No muy por detrás aparece Bosnia-Herzegovina, que acumulará cerca de 8.400 kilómetros entre su campo de entrenamiento en Utah y sus compromisos en Toronto, Los Ángeles e Seattle, tres ciudades que abarcan desde el noreste de Canadá hasta la costa del Pacífico estadounidense. La travesía supone gestionar no solo el cansancio físico, sino también los cambios horarios que acompañan a esos desplazamientos.
La situación de la República Checa ilustra bien la complejidad del calendario. El equipo comenzó el torneo viajando desde su base en Dallas hasta Guadalajara, cruzando la frontera hacia México. Tras ese partido, regresó a Texas para preparar el siguiente choque, programado en Atlanta, antes de volver de nuevo a México para su tercer compromiso de grupo. El seleccionador Miroslav Koubek no ocultó su incomodidad, aunque asumió la situación con pragmatismo:
"Simplemente tenemos que convivir con esto, porque así lo planificaron otros. Estamos contentos de estar aquí y queremos obtener los mejores resultados posibles. Nuestra logística entre bastidores funciona bien, pero evidentemente no es lo ideal tener que viajar tanto", declaró Koubek tras la derrota por 2-1 ante Corea del Sur en Guadalajara.
Las anfitrionas tampoco se libran
Incluso las selecciones locales afrontan traslados considerables. Canadá tuvo que realizar un vuelo de casi cinco horas para cubrir los más de 3.200 kilómetros que separan Toronto de Vancouver tras su partido inaugural. Estados Unidos también se mueve de forma constante entre su campo de entrenamiento en Irvine (California) y sus partidos en el área de Los Ángeles e Seattle, con una distancia total acumulada que roza igualmente los 3.000 kilómetros.
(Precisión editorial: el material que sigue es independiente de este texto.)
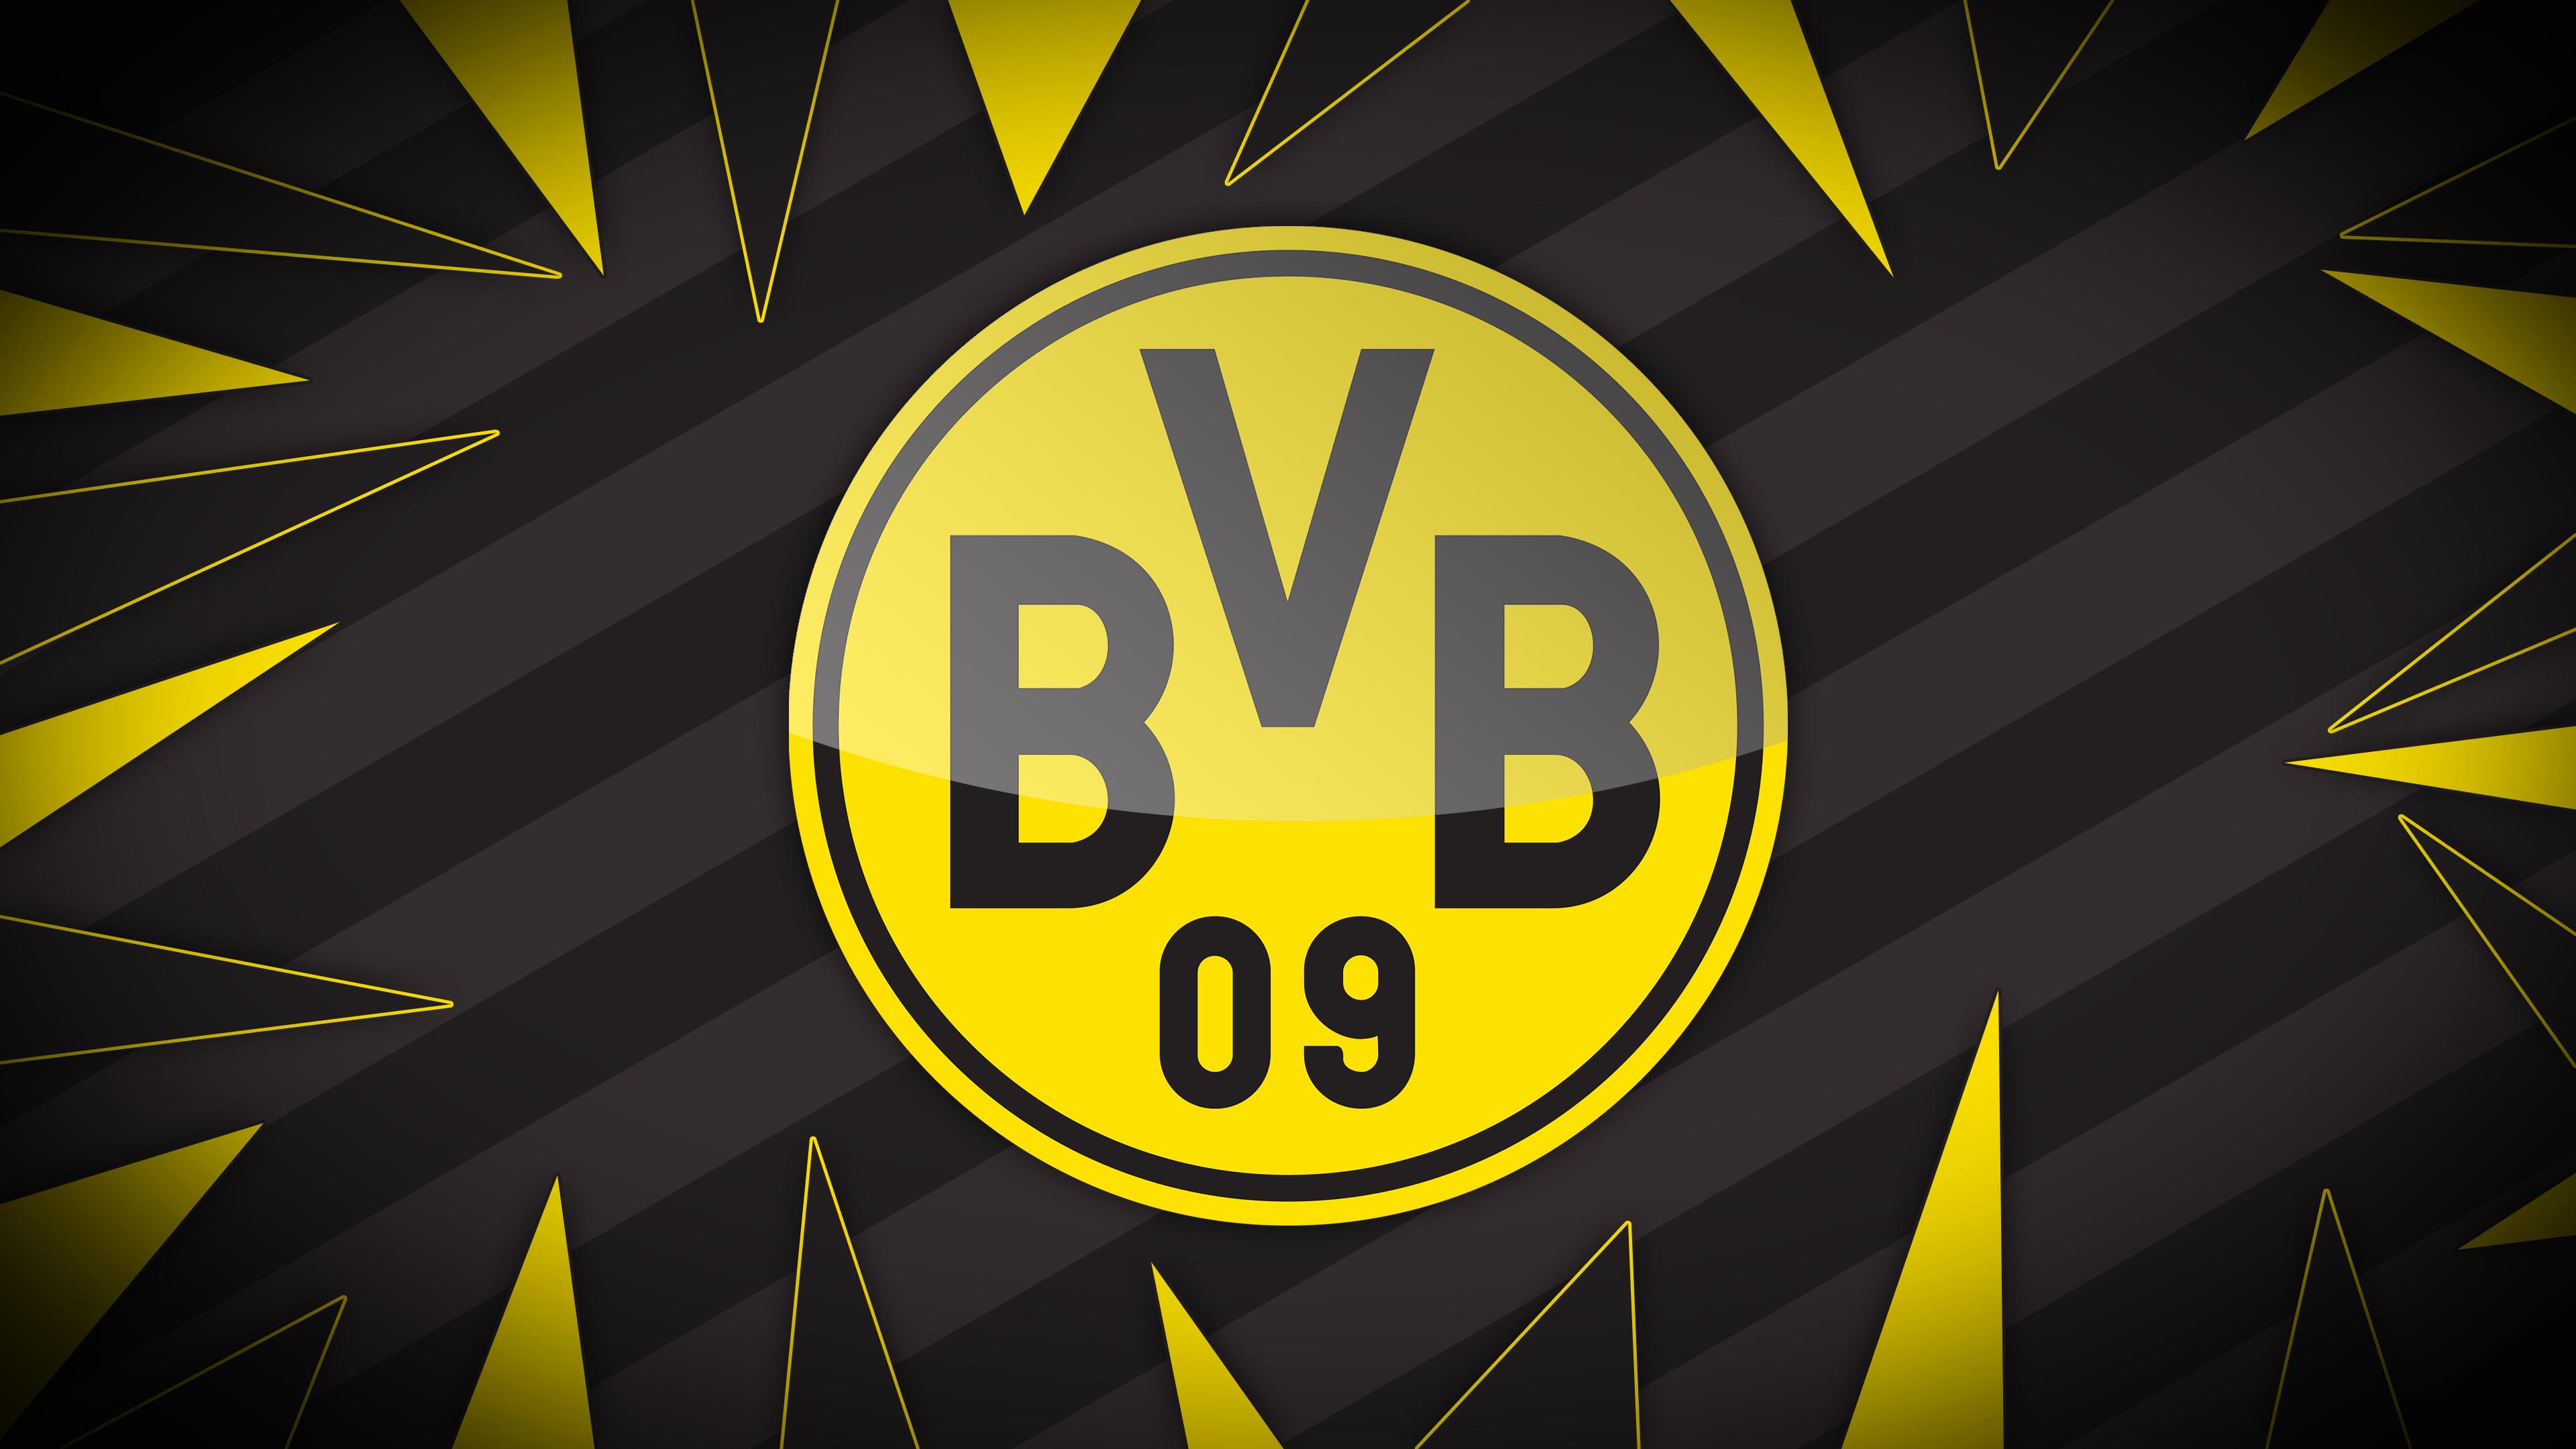 Bvb Borussia Dortmund Emblem Logo Soccer Wallpaper Resolution 3840x2160 Id 1062161 Wallha Com

La excepción entre los anfitriones es México, que juega todos sus partidos de grupo en territorio nacional y calcula que no superará los 965 kilómetros de desplazamiento, una cifra muy inferior a la de sus rivales en el torneo.
Entre los grandes favoritos al título, Inglaterra emerge como el equipo con la ruta más exigente dentro del bloque de candidatos principales. Con su base establecida en Kansas City, los ingleses tienen compromisos en Dallas, Boston e Nueva York, lo que implica cruzar el país de un extremo a otro. España, por su parte, deberá realizar un vuelo de casi cuatro horas desde su cuartel general en Atlanta hasta Guadalajara para uno de sus partidos de grupo.
En cambio, Argentina e Francia, finalistas del Mundial de Catar 2022, disfrutan de calendarios comparativamente más sencillos. La albiceleste tiene su base en Kansas City, donde también disputará su primer partido como defensora del título, antes de jugar sus otros dos compromisos de grupo en Dallas. Los galos están instalados en Boston y solo tendrán que desplazarse a Filadelfia e Nueva York para los restantes encuentros de la fase inicial.
La FIFA y el intento de agrupar geográficamente a los equipos
La FIFA tomó conciencia de los retos logísticos del formato antes de que comenzara la competición. La organización intentó crear clústeres geográficos, de modo que cada selección concentrara sus partidos en ciudades próximas entre sí y su campo de entrenamiento estuviera razonablemente cerca de esas sedes. El problema es que, en un continente de la magnitud de América del Norte, "razonablemente cerca" puede seguir significando miles de kilómetros.
El contraste con el último Mundial celebrado, el de Catar 2022, no puede ser más radical. El pequeño emirato del Golfo Pérsico tiene una extensión similar al estado de Connecticut, menor incluso que Suiza, lo que permitió que los equipos viajaran entre estadios en cuestión de minutos y que los aficionados pudieran asistir a más de un partido al día. El reto logístico en aquel torneo era prácticamente inexistente.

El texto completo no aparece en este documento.